Roses

Four roses drinking from a blue vase,
the first one I name Moment of Gladness,
the second, Wresting Beauty from Fear.
All year I watched my beloved disappearing, the sweet fat
of her hips, her laughter, her will,
as though a whelk had drilled through her shell,
sucked out the flesh. Death woke me each morning
with its bird impersonation. But now she has cut
these Clouds of Glory and a honeyed musk sublimes
from their petals, veined fine as an infant’s eyelids,
and spiraling like any embryo—fish, snake, or human—
and she has carried them to me, saturated
in the colors they have not swallowed,
the blush and gold, the razzle-dazzle red, riven
from the dirt to cleave here briefly.
And now, as though to signify our fortune,
a tiny insect journeys across the kingdom
of one ivory petal and into the heart
of the blossom. O, Small Mercies sliced
from the root. I listen
as they sip the blue water.

Ellen Bass’s most recent collection, Indigo, was published by Copper Canyon Press in 2020. Her other poetry books include Like a Beggar, The Human Lineand Mules of Love. Her poems appear  frequently in The New Yorker, American Poetry Review, and many other journals. Among her awards are Fellowships from the Guggenheim Foundation, The NEA, and The California Arts Council, The Lambda Literary Award, and four Pushcart Prizes. She co-edited the first major anthology of women’s poetry, No More Masks!, and her nonfiction books include the groundbreaking The Courage to Heal: A Guide for Women Survivors of Child Sexual Abuse and Free Your Mind: The Book for Gay, Lesbian and Bisexual Youth. A Chancellor Emerita of the Academy of American Poets, Bass founded poetry workshops at Salinas Valley State Prison and the Santa Cruz, California jails, and teaches in the MFA writing program at Pacific University.

Comments

  1. Yes!! Let us wrest beauty from fear. In the Old Testament humans feared God. Lets Love God. Love beauty. Reject fear.
    Thanks for this.

  2. Such terrible beauty. As one who is mourning the death of a beloved, my heart is fed. Thanks.

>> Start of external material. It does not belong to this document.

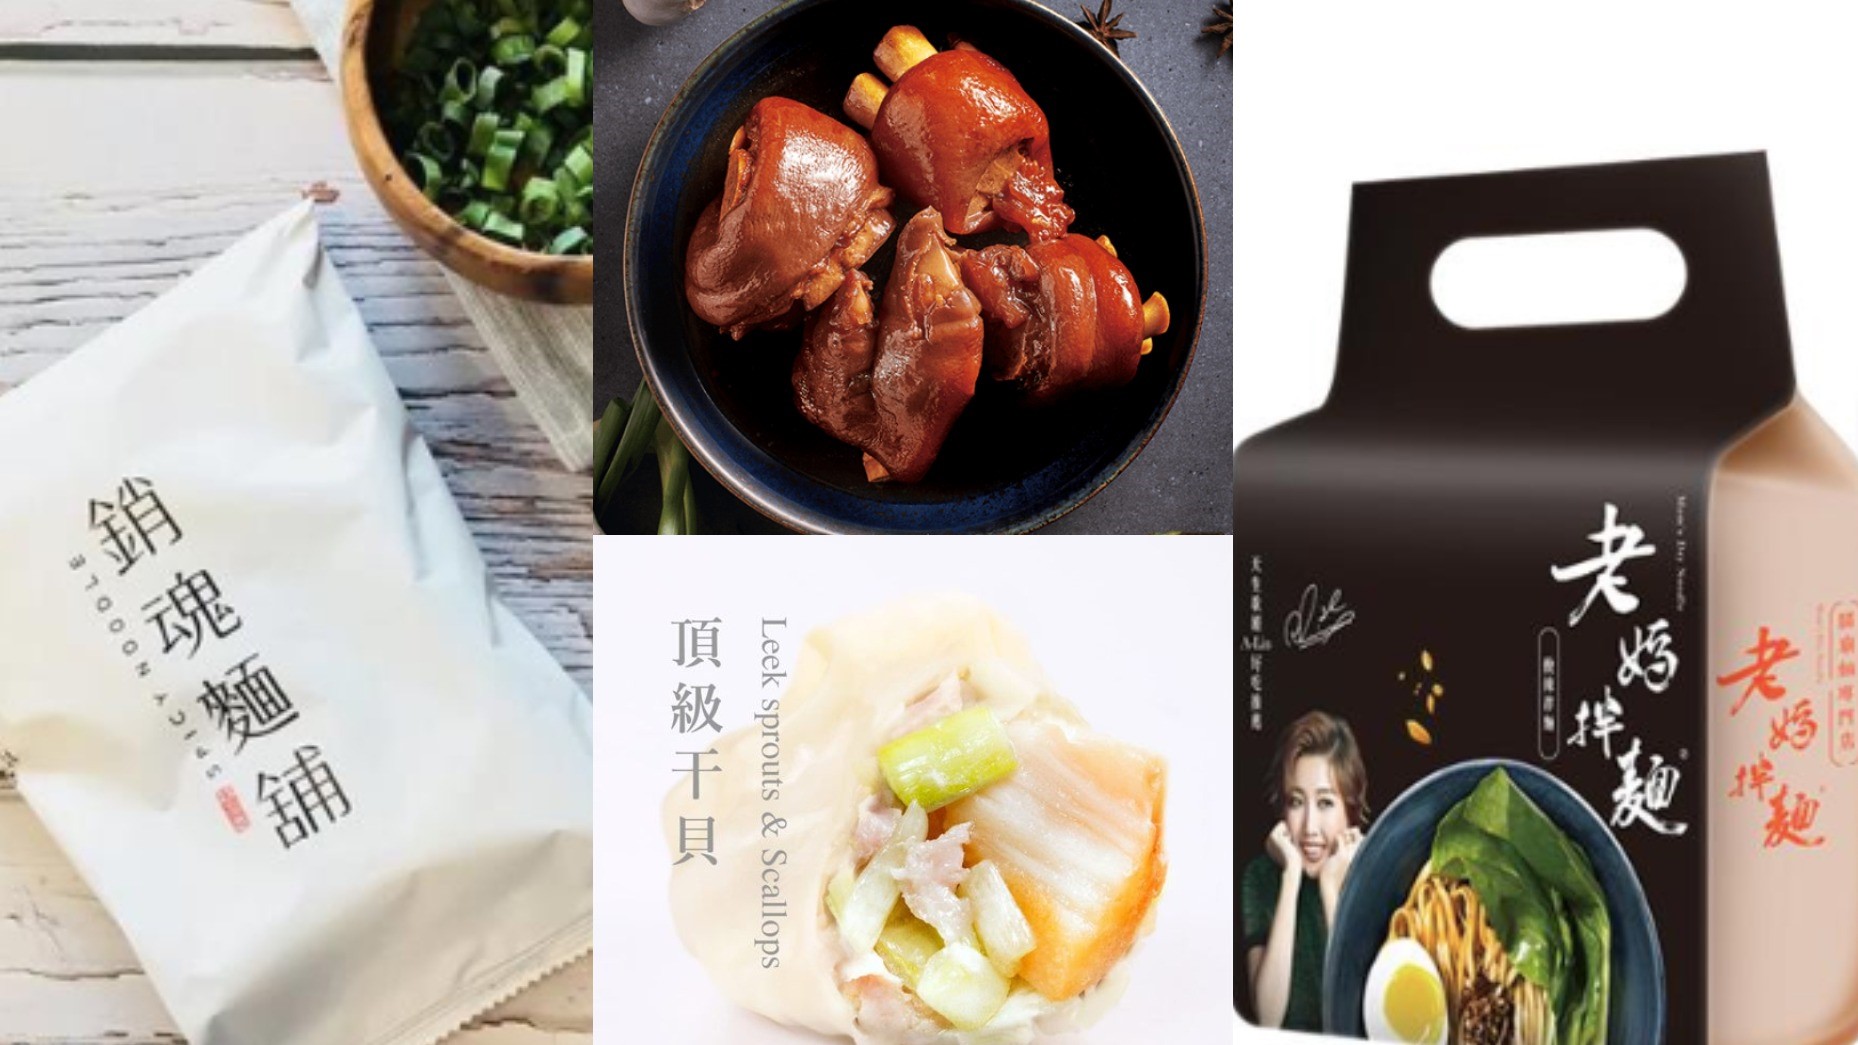 不用在台北找米其林餐廳 網購就能品嚐到人氣美食

  3. razzle dazzle red. this made my morning.

  4. beautiful poem. Ellen Bass’s most recent book is Indigo, just out this year – full of beauty and life.

  5. “Death woke me each morning with its bird impersonation.” This flips the bird as messenger of joy. Wonderfully embodied poem.

  6. The loneliness of the survivor and the remorse for that which is left unsaid

  7. I can enjoy the delicate four fragrances in my mind.